The reported frequencies of these clinical associations vary, and the quality of evidence supporting them is generally weak. Self-reported survey data4 indicates that approximately 40% of POTS patients experience migraines, 20%–30% meet criteria for hypermobile Ehlers-Danlos syndrome or hypermobility spectrum disorder,23 and about 15% have a comorbid autoimmune disease. A review analyzing the rates of POTS and other forms of orthostatic intolerance in patients with Ehlers-Danlos syndrome found that orthostatic intolerance and tachycardia occurred in 35%–50% of patients with hypermobility spectrum disorder.24 Some POTS patients exhibit symptoms suggestive of abnormal mast cell activation, reporting episodes of flushing, urticaria, dyspnea, headache, and gastrointestinal symptoms such as diarrhea, nausea, and vomiting.25 Hypermobility spectrum disorder and mast cell activation disorder may coexist in some POTS patients.

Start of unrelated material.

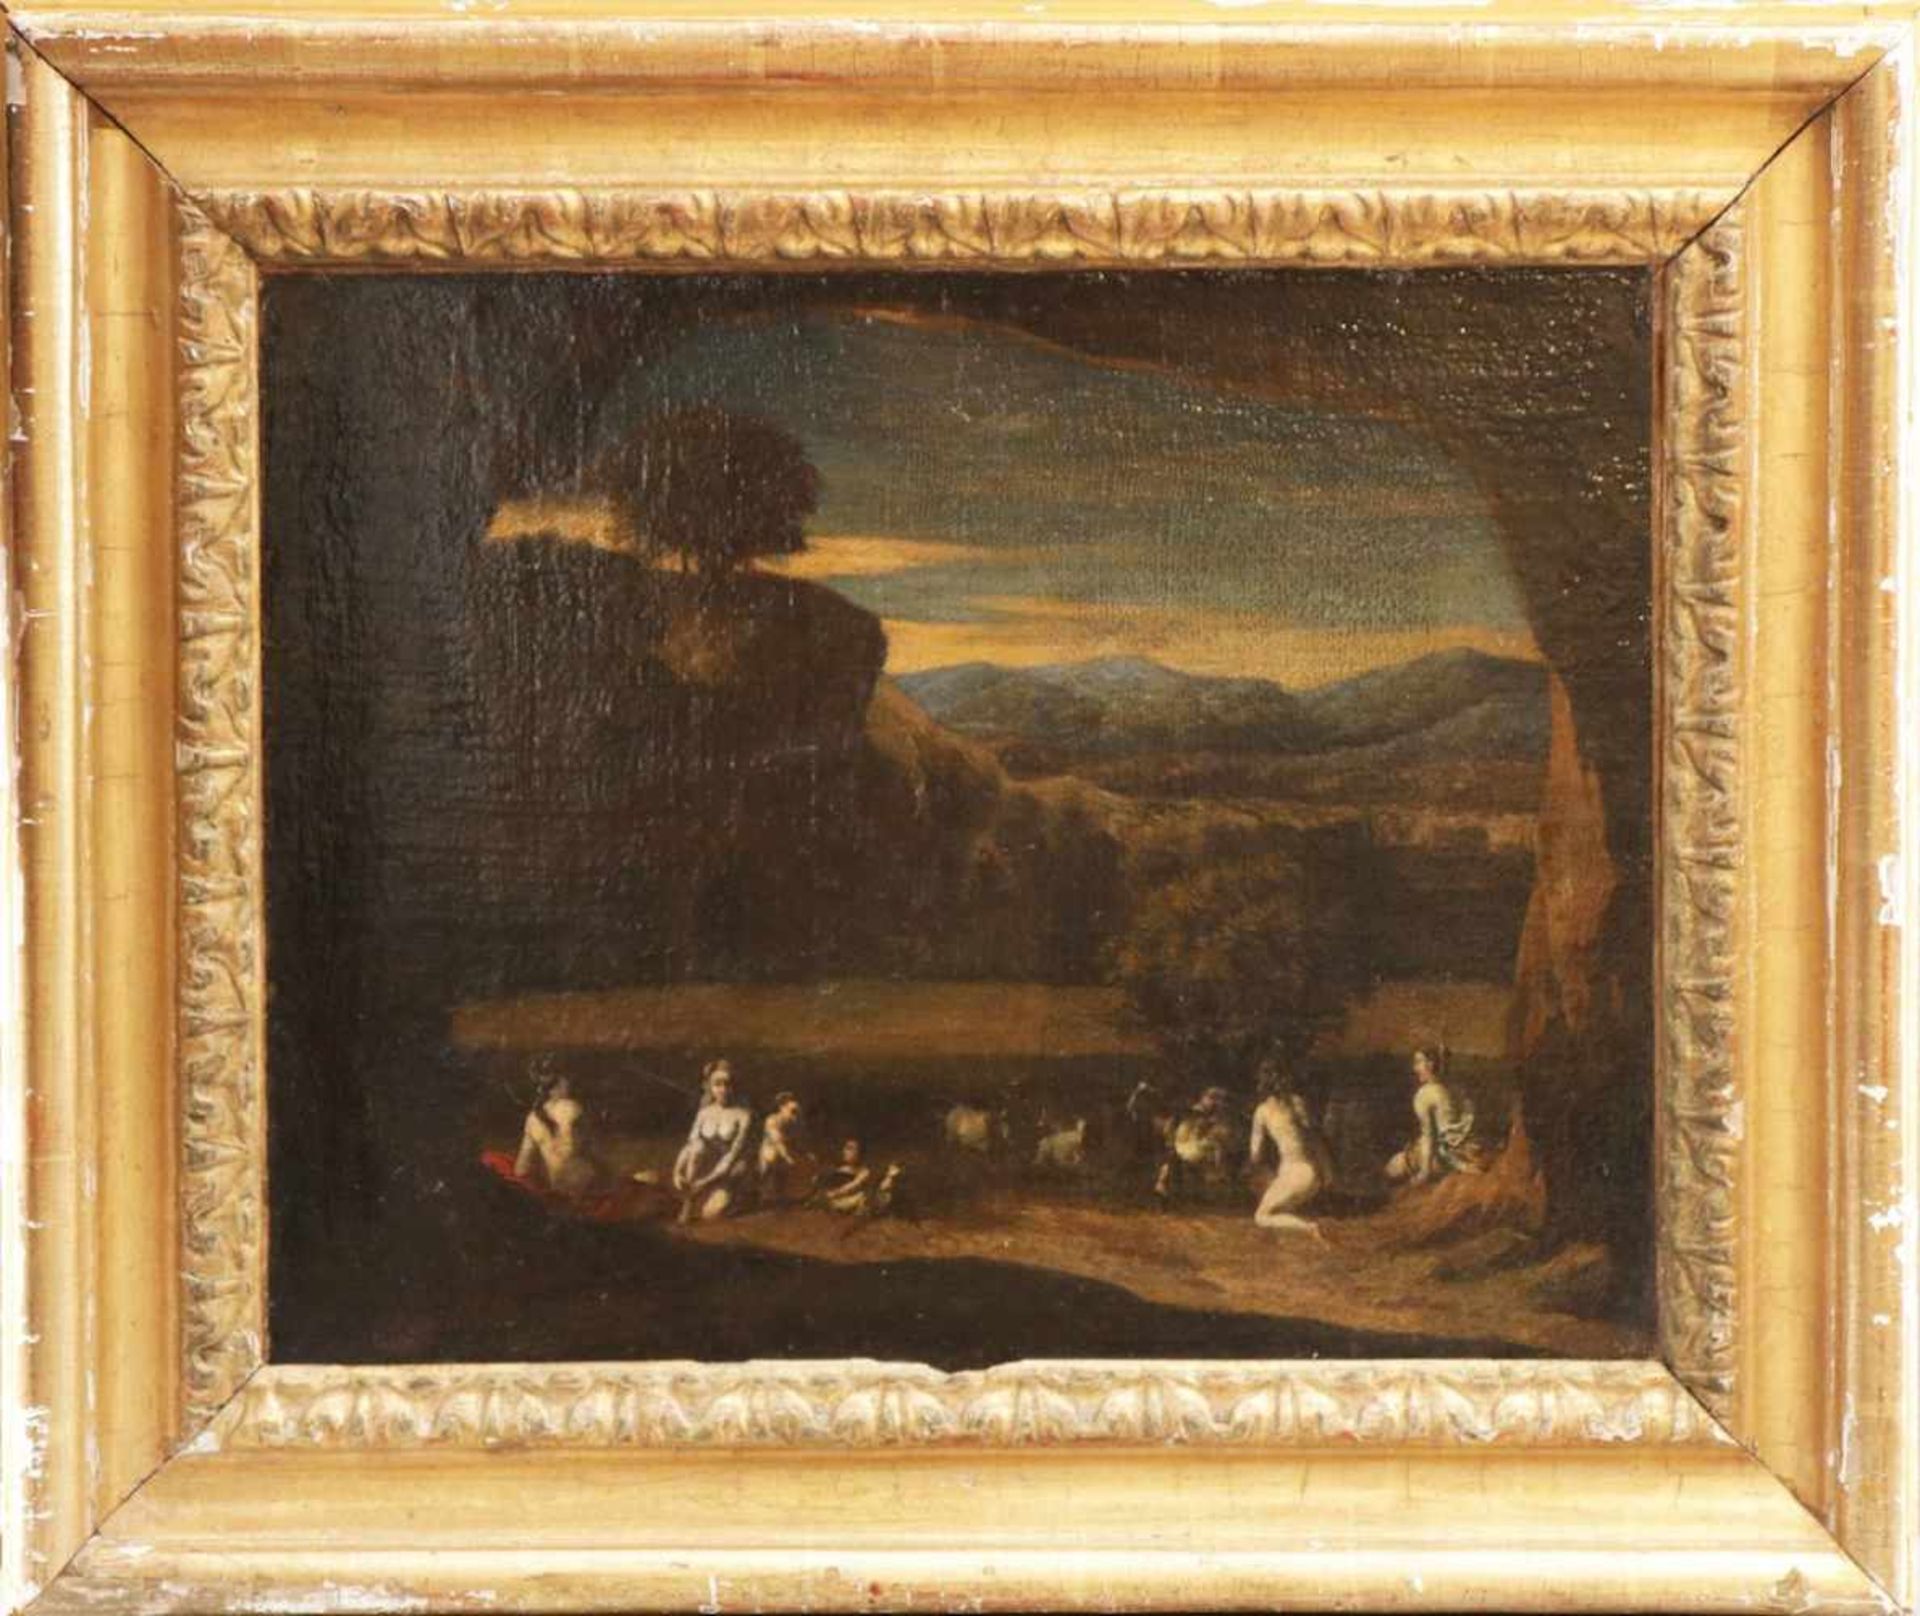 ANONYMER KÜNSTLER des 17. Jahrhunderts Öl auf Leinwand (doubliert), ¨Bukolische Landschaft¨,
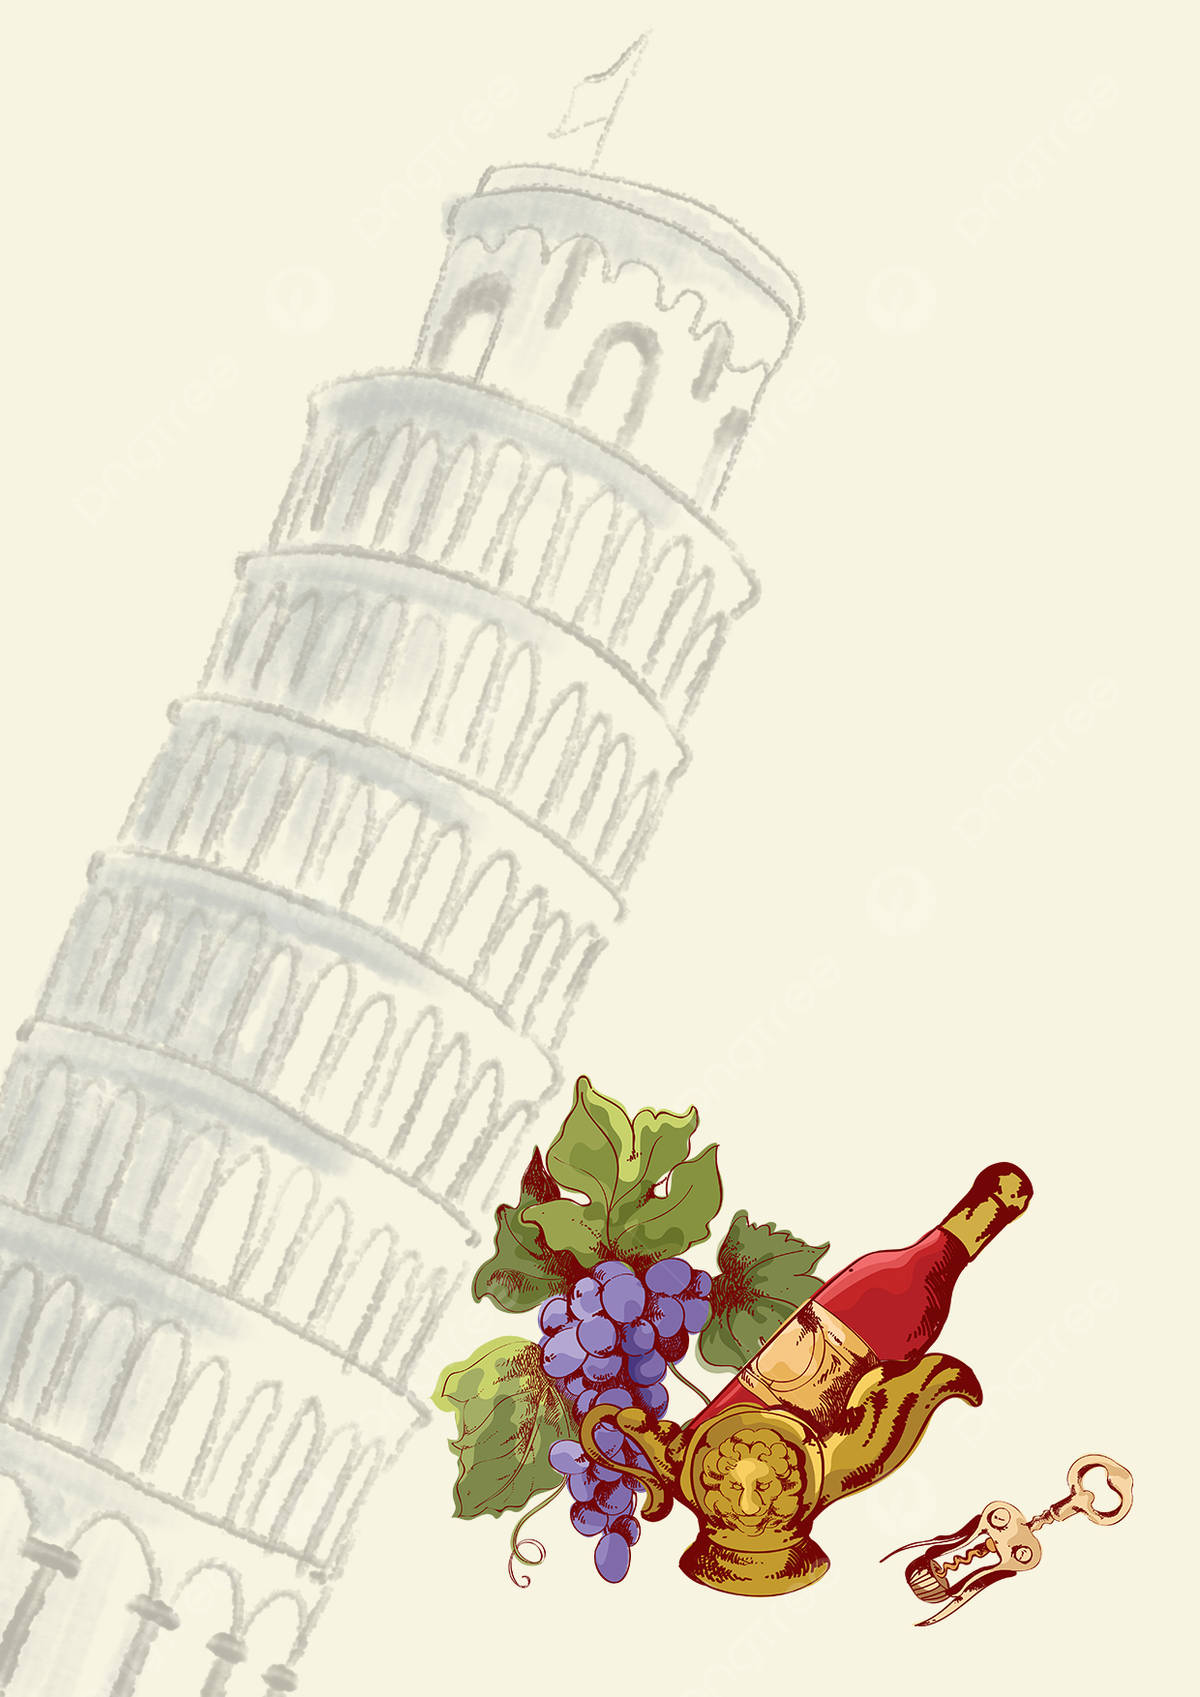 Tower Of Pisa Drawing Wallpaper

Upon initial presentation, POTS is often misdiagnosed as an anxiety disorder. A large-scale survey of POTS patients revealed that 77% were initially told they had a psychiatric or psychological disorder before receiving a POTS diagnosis. This figure decreased to 37% after accurate diagnosis.4 These misdiagnoses likely occur because anxiety can be associated with tachycardia, palpitations, and lightheadedness, symptoms that overlap with POTS.

Pathophysiology: Understanding the Mechanisms of POTS

Figure 1 illustrates some of the proposed pathophysiological mechanisms underlying POTS. A majority of POTS patients exhibit low cardiac stroke volume,26 which may contribute to the sinus tachycardia. Subgroups of POTS patients are characterized by features such as increased sympathetic nervous system activity (hyperadrenergic POTS),17 partial peripheral sympathetic denervation leading to relative central hypovolemia (neuropathic POTS),27 and low blood volume (absolute hypovolemia),28 which may influence other hemodynamic findings. Hyperadrenergic symptoms can include tremors, anxiety, migraines, and angina-like chest pain.22 Some disruptions in the autonomic nervous system, especially the sympathetic nervous system, may be primary (central hyperadrenergic POTS) or secondary to another physiological abnormality, such as hypovolemia.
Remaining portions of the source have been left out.